Expertise: multiple sclerosis, autoimmunity, human genetics, metabolism, glycobiology

“The authors describe a rare form of familial multiple sclerosis and discovered a highly associated mutation in two families. However, the mutation was not completely predictive. So, while the mutation is strongly linked to MS, it’s not 100%. The mutation also represents a very rare form of MS. This mutation, though rare, is an important and very interesting finding that is relevant to the MS community at large.

“The researchers also found other nucleotide variations that are associated with progressive multiple sclerosis, which is a unique and valuable finding. However, these mutations were only weakly associated with MS, meaning that they do contribute to risk but are only a minor component and that there must be many other contributing risk factors.

“There is no one cause for multiple sclerosis. There are multiple contributing factors, both environmental and genetic. The authors have identified one contributing factor, but I wouldn’t say they found a cause.

“The study does suggest that targeting this signaling pathway may be an excellent strategy for treating progressive multiple sclerosis. As we currently don’t have any drug therapies for progressive MS, this would be a very big deal. There are some treatments in the pipeline but this represents a potentially new therapy for progressive MS. Drug treatments may be many years away but this study suggests that targeting this pathway may have some benefit.”


Dr. Michelle Apperson, Director, Multiple Sclerosis Program; Assistant Clinical Professor, University of California, Davis (webpage)

Expertise: gene expression and biomarkers in multiple sclerosis, multiple sclerosis immunology

“This is an interesting study that has identified a gene mutation associated with multiple sclerosis in seven patients from two different families.

“Multiple sclerosis (MS) is thought to be a chronic, immune mediated disorder leading to destruction of myelin, the insulation around nerves in the brain. The cause of multiple sclerosis has been thought to be from an environmental exposure in the context of a genetic predisposition. Large studies have identified multiple potential ‘risk’ and ‘protective’ gene differences.

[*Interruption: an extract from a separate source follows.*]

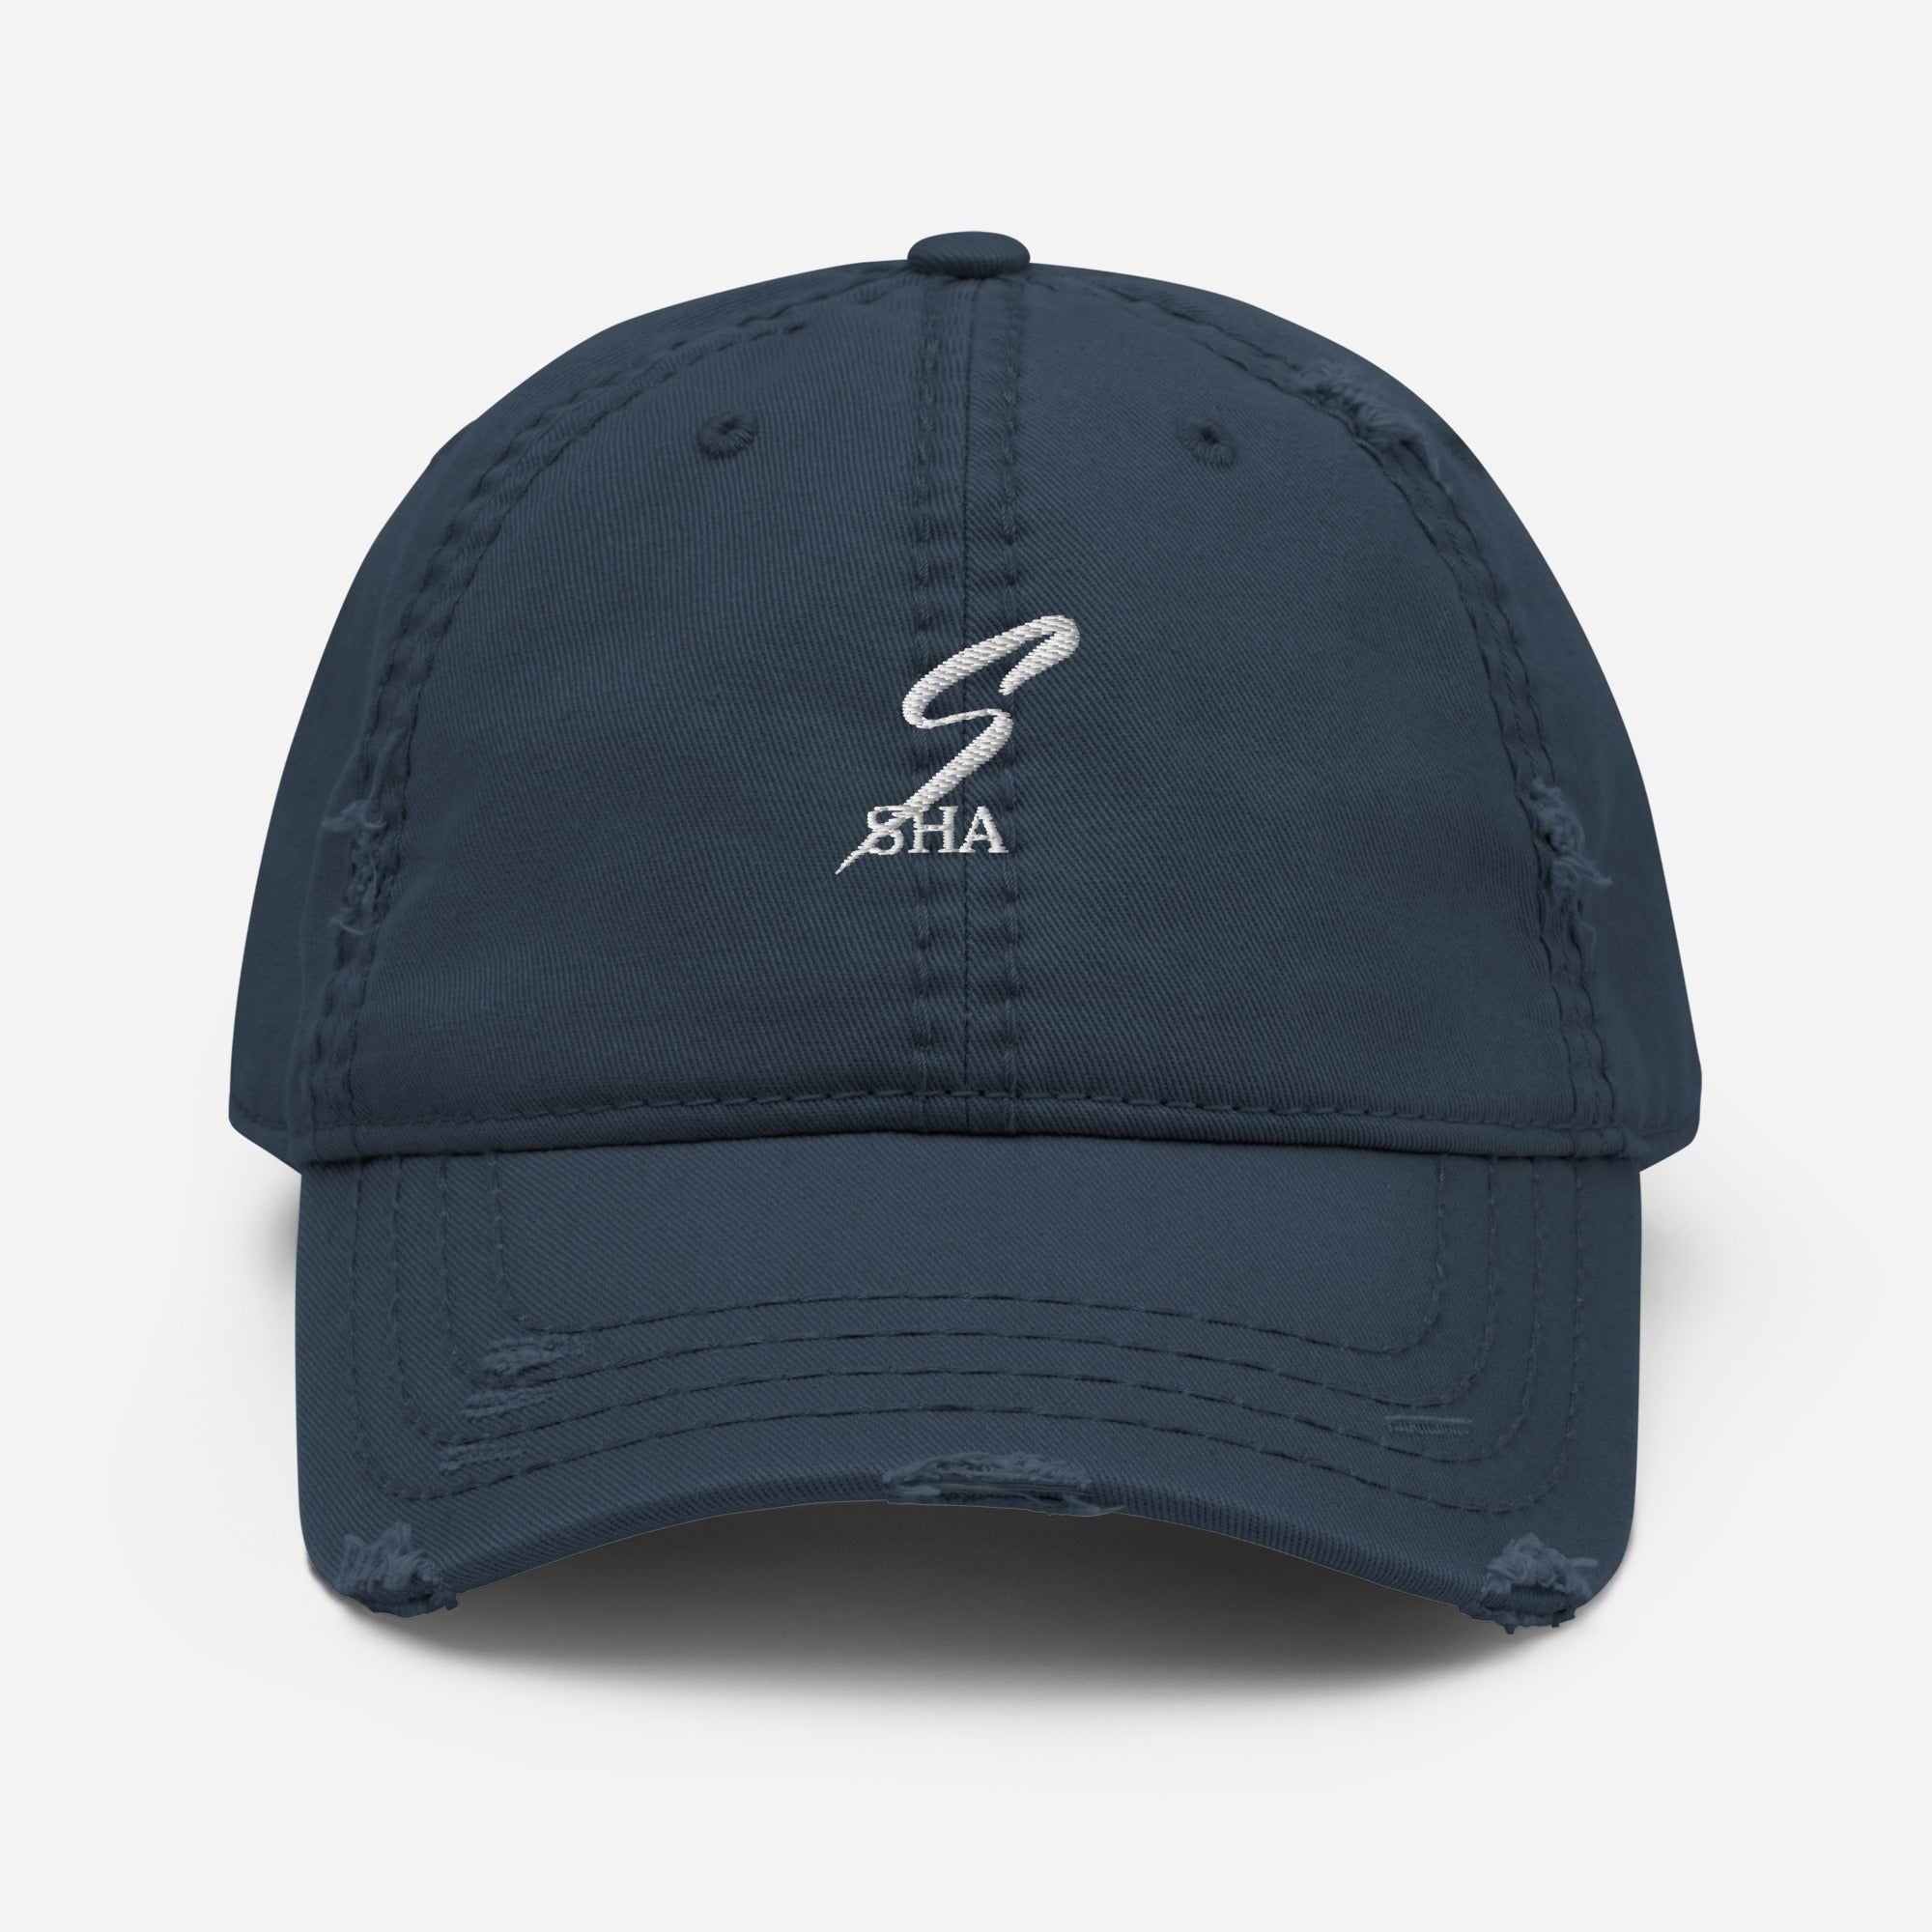 sha infinity-Distressed Dad Hat

However, it is uncertain in individual patients which genes or combination of genes are playing a role in the development of MS.

“This study identifies a single gene mutation involved in two families with a genetic pattern of multiple sclerosis inheritance. It is interesting that several carriers of that gene mutation appeared unaffected. This could be because there are other ‘protective’ genes or because of differences in environmental exposures. The authors discuss the possibility of developing medications targeting the effects of this gene mutation as a possible treatment for affected patients. This illustrates the concept of personalized medicine in multiple sclerosis. In the future, we may be able to look at a patient’s genetic profile or other biomarkers and choose a medication that best fits that individual.

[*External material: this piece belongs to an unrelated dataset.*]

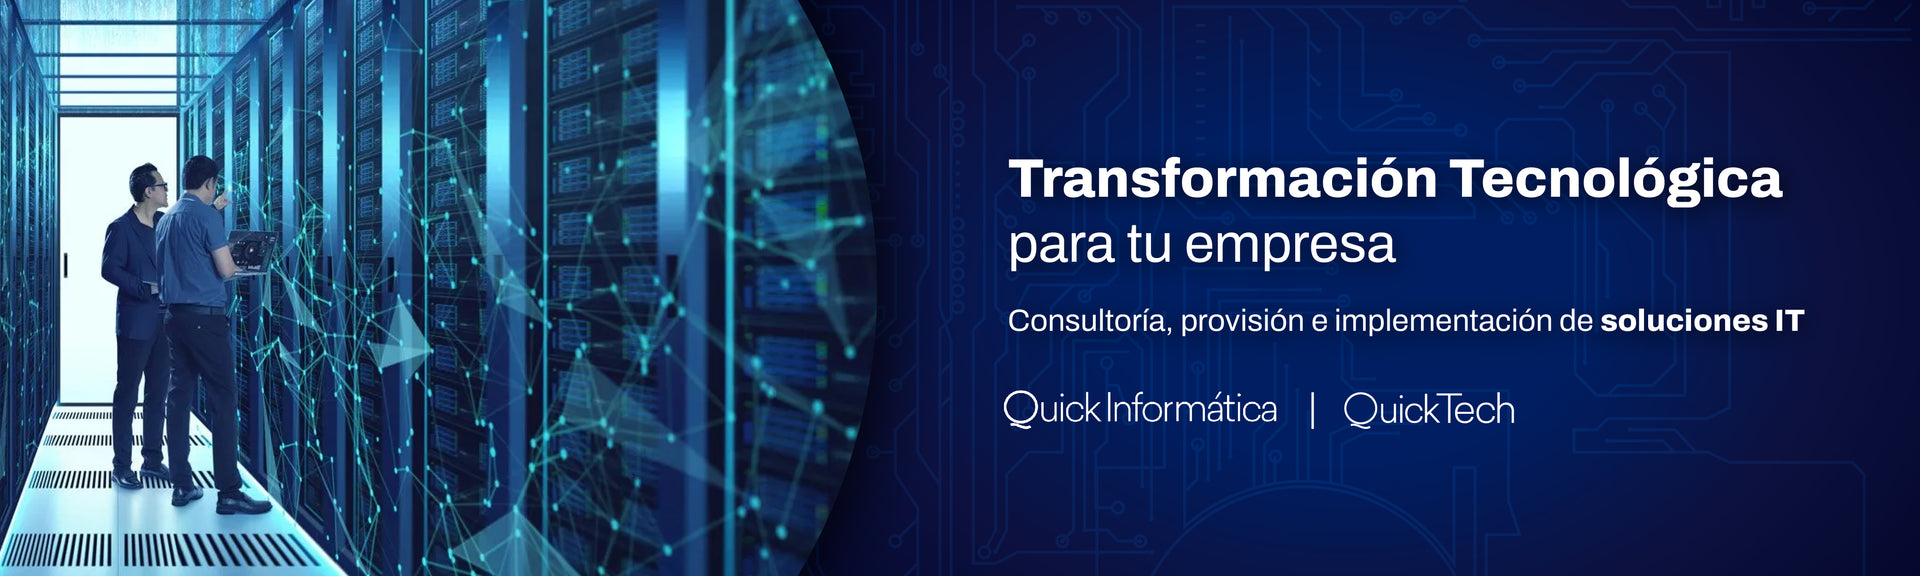 quick-informatica-transformacion-tecnologica-banner

“A limitation of the study is the small number of patients detected (authors estimate this gene is found in only 1 in 1,000 multiple sclerosis patients). Larger studies in families with MS will be needed to confirm these results and identify other genetic mutations.”

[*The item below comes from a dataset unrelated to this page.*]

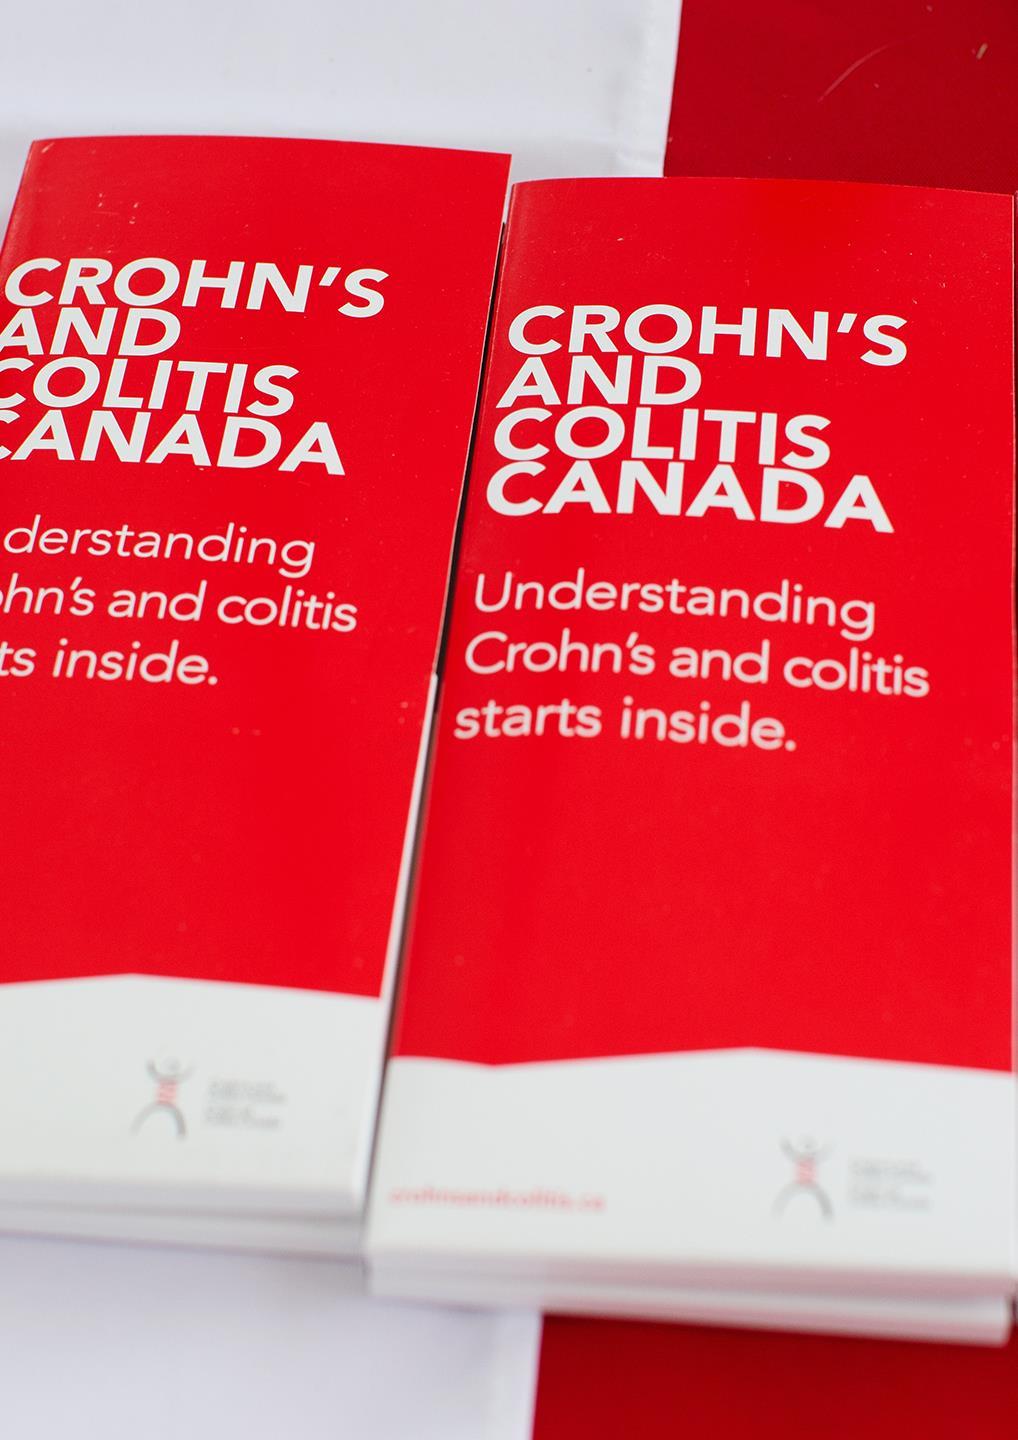 6 Resources Website: gutsywalk.ca Crohn s and Colitis Canada representative: email gutsywalk@crohnsandcolitis.

Dr. Simon Gregory, Director, Genomics and Epigenetics, Duke Molecular Physiology Institute; Associate Professor, Department of Medicine, Duke University School of Medicine (webpage)

Expertise: genetics of MS, mechanisms of MS development and progression, MS biomarker development

“Multiple sclerosis (MS) is a complex, chronic disease. The difficulty of identifying the cause of MS is that the disease develops in the context of hundreds of known DNA risk variants that combine with unknown environmental factors to trigger disease. To date, the majority of genetic studies have focused on the most common form of the disease, relapsing remitting MS (RR-MS), which represents approximately 85% of the 2 million MS patients worldwide. The lower frequency of the remaining forms of MS, including primary progressive MS (PP-MS), do not yield enough statistical power to adopt the genome wide approaches used for RR-MS genetic discoveries.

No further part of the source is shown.